Given information:
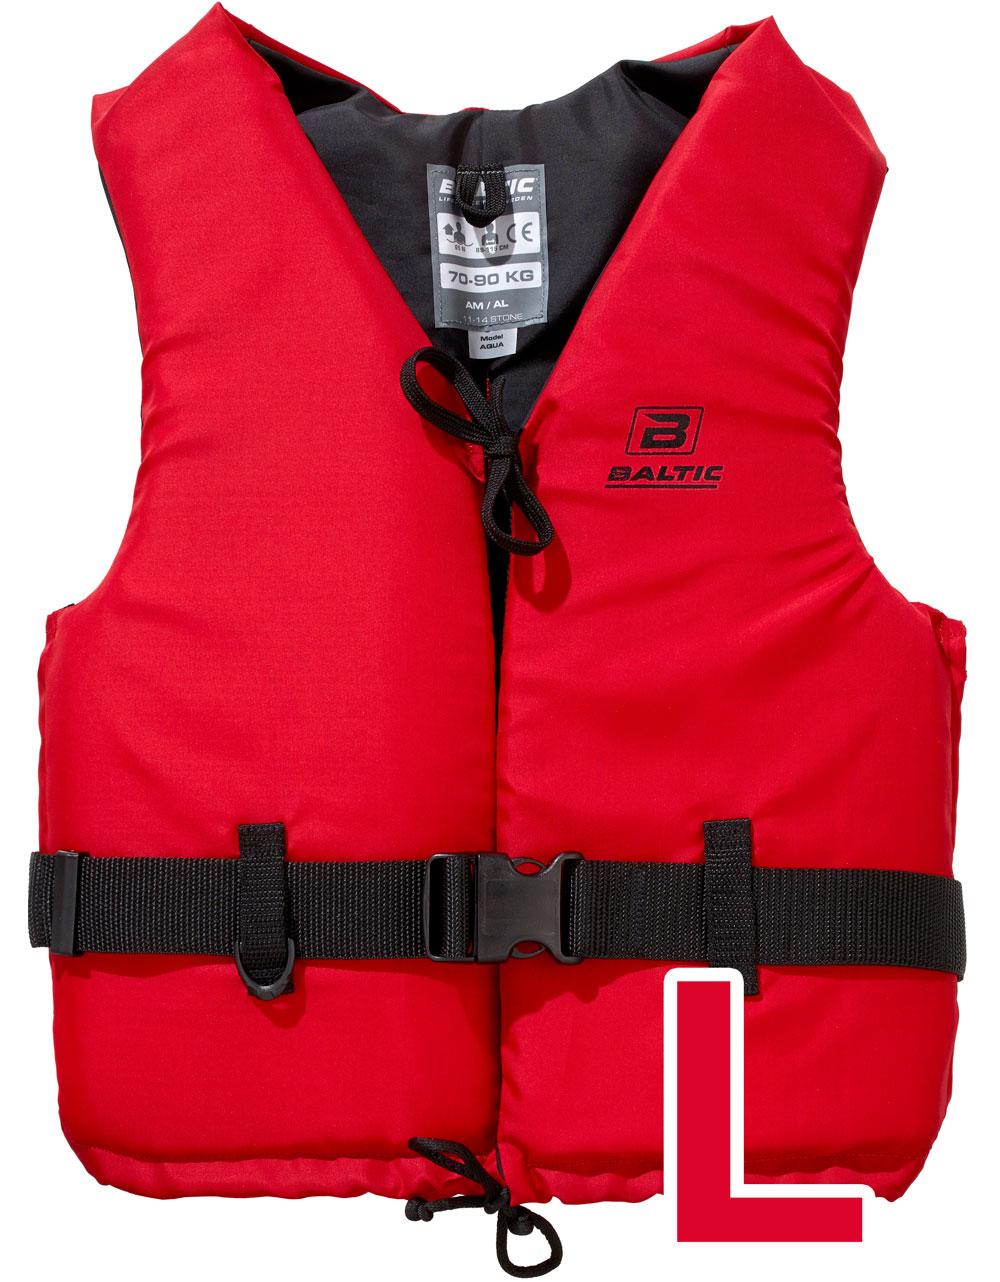 Baltic Aqua Farbe Rot - Größe L
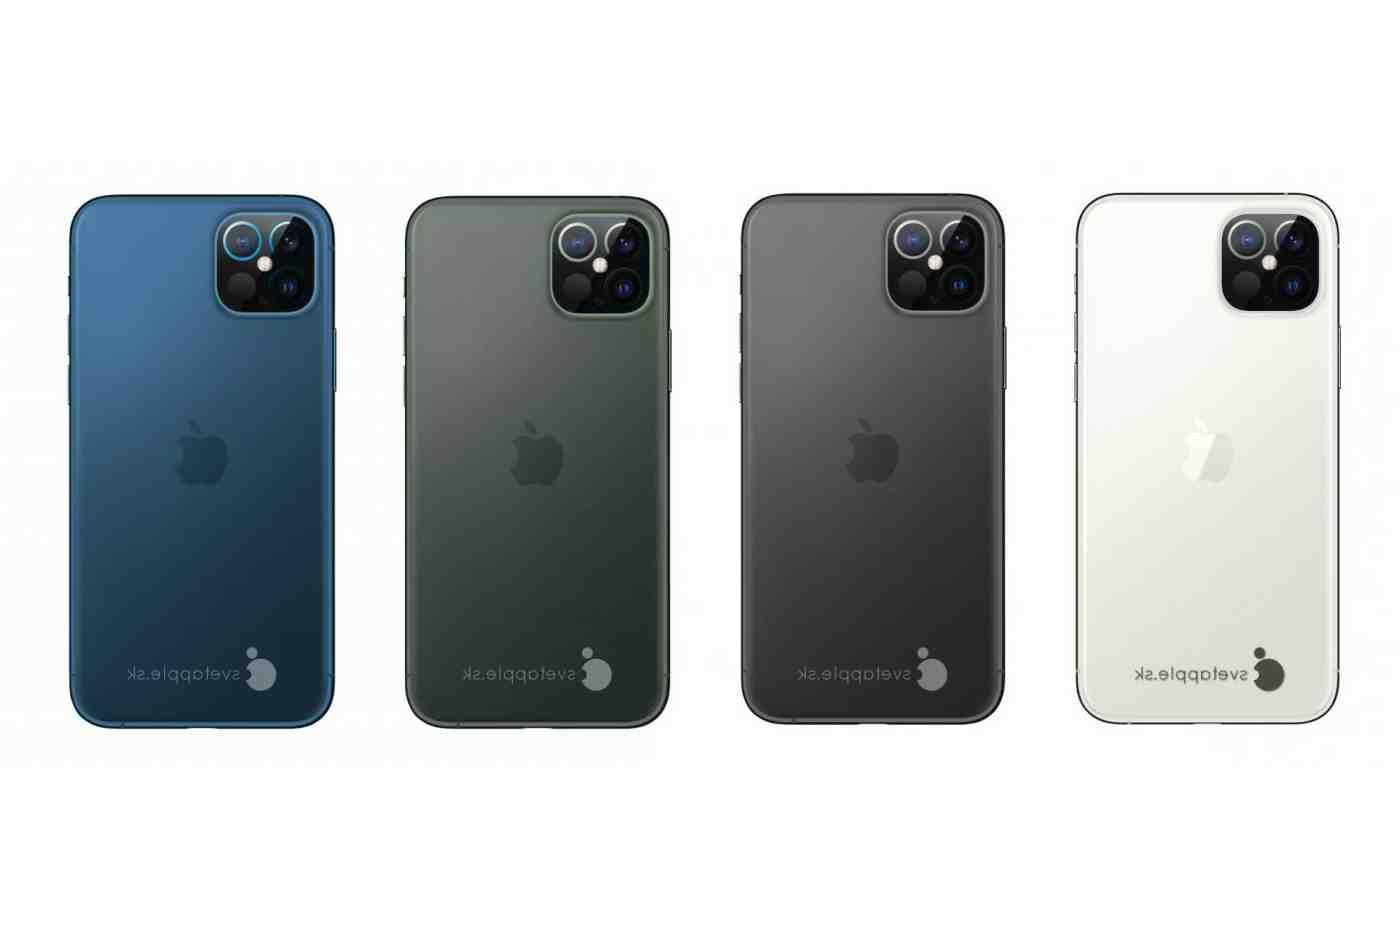 Quand le prix de l'iphone 12 pro max baissera-t-il ?
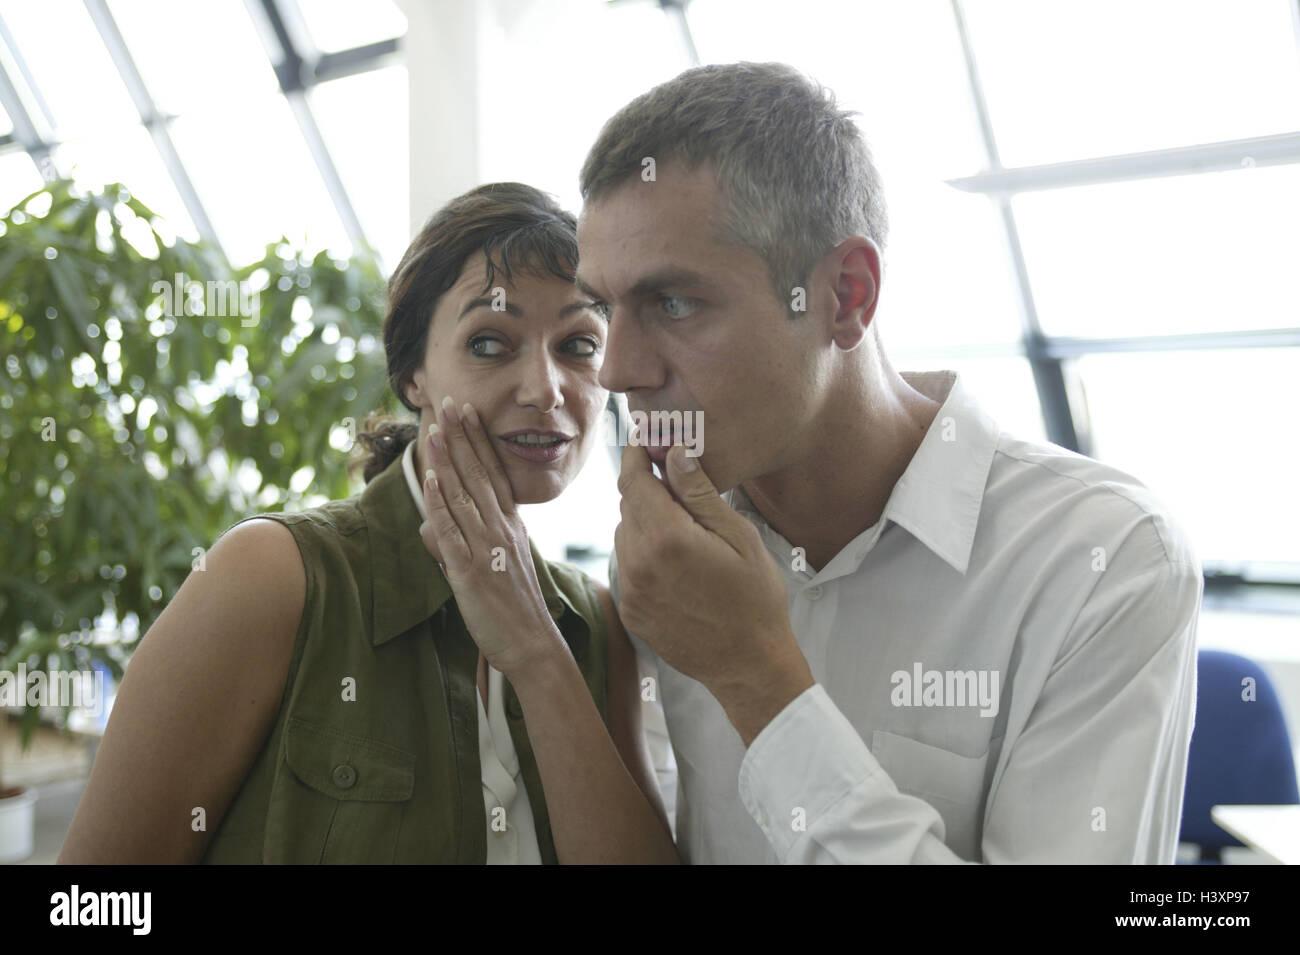 Ex-Kai apink bomi dating
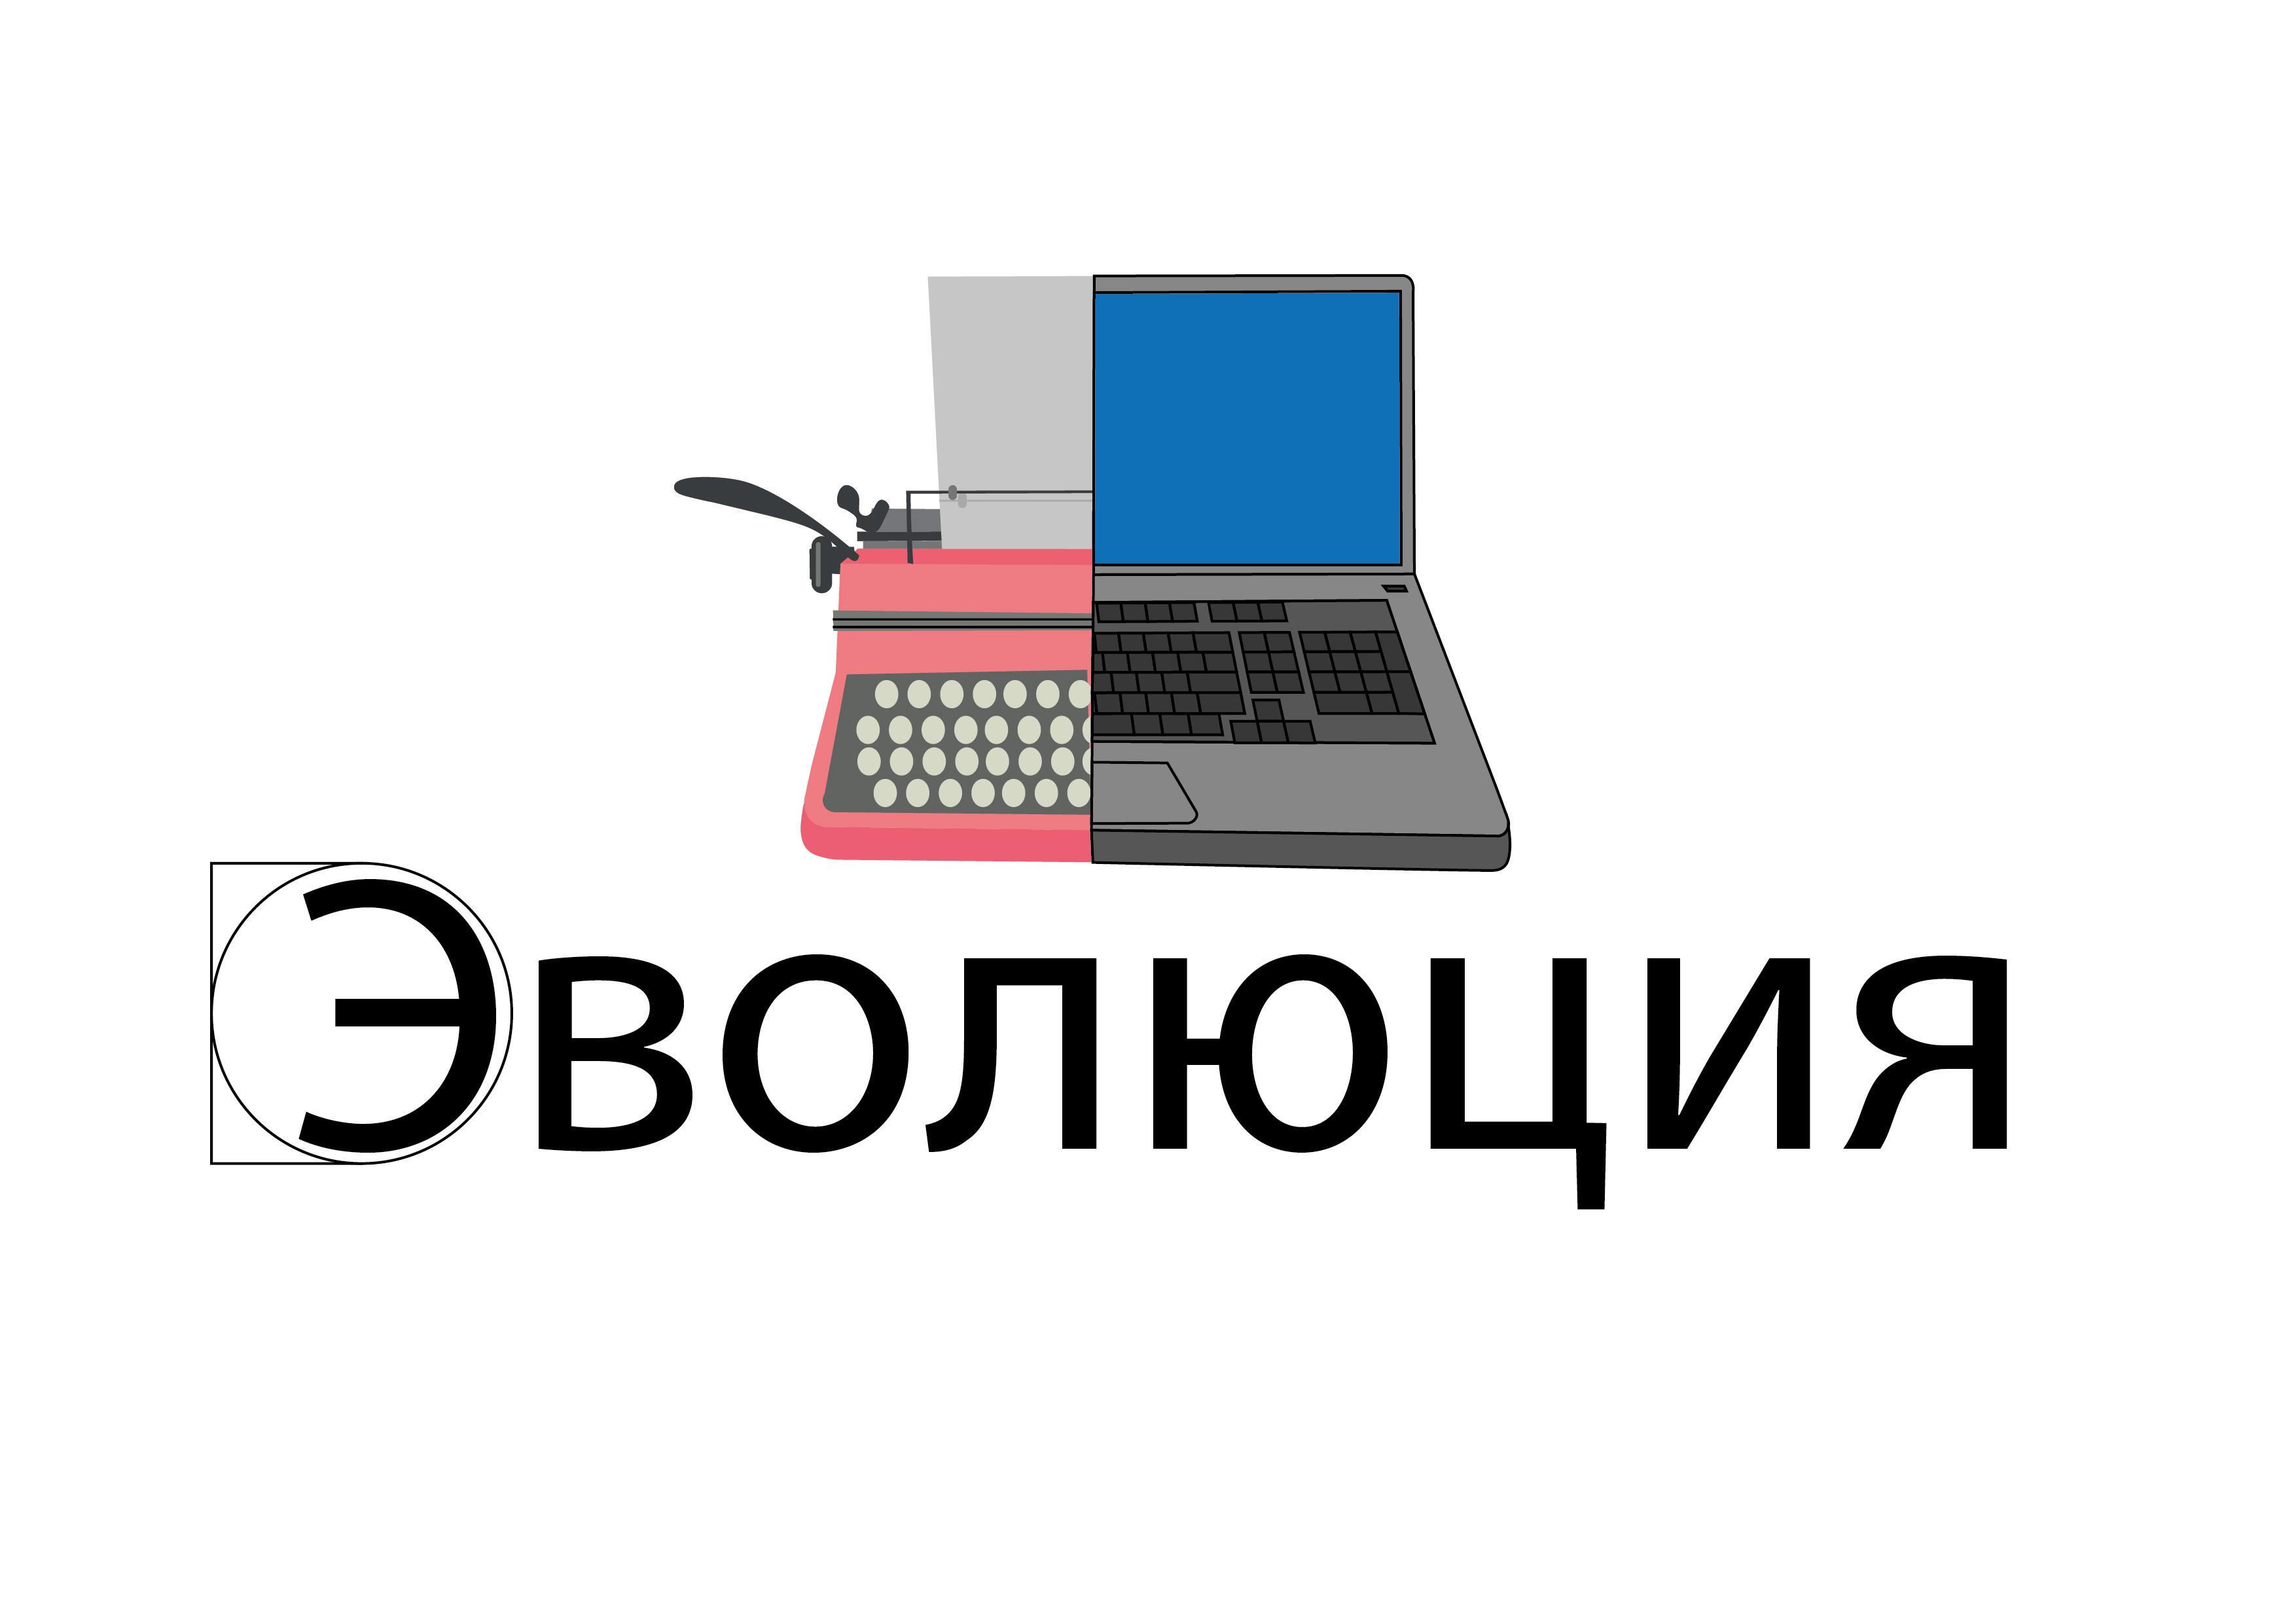 Разработать логотип для Онлайн-школы и сообщества фото f_7385bc5e67d7d794.jpg

What to do: The answer should match the material exactly, with every picture removed.

Result of this task:
 Baltic Aqua Farbe Rot - Größe L
 Quand le prix de l'iphone 12 pro max baissera-t-il ?
 Ex-Kai apink bomi dating
 Разработать логотип для Онлайн-школы и сообщества фото f_7385bc5e67d7d794.jpg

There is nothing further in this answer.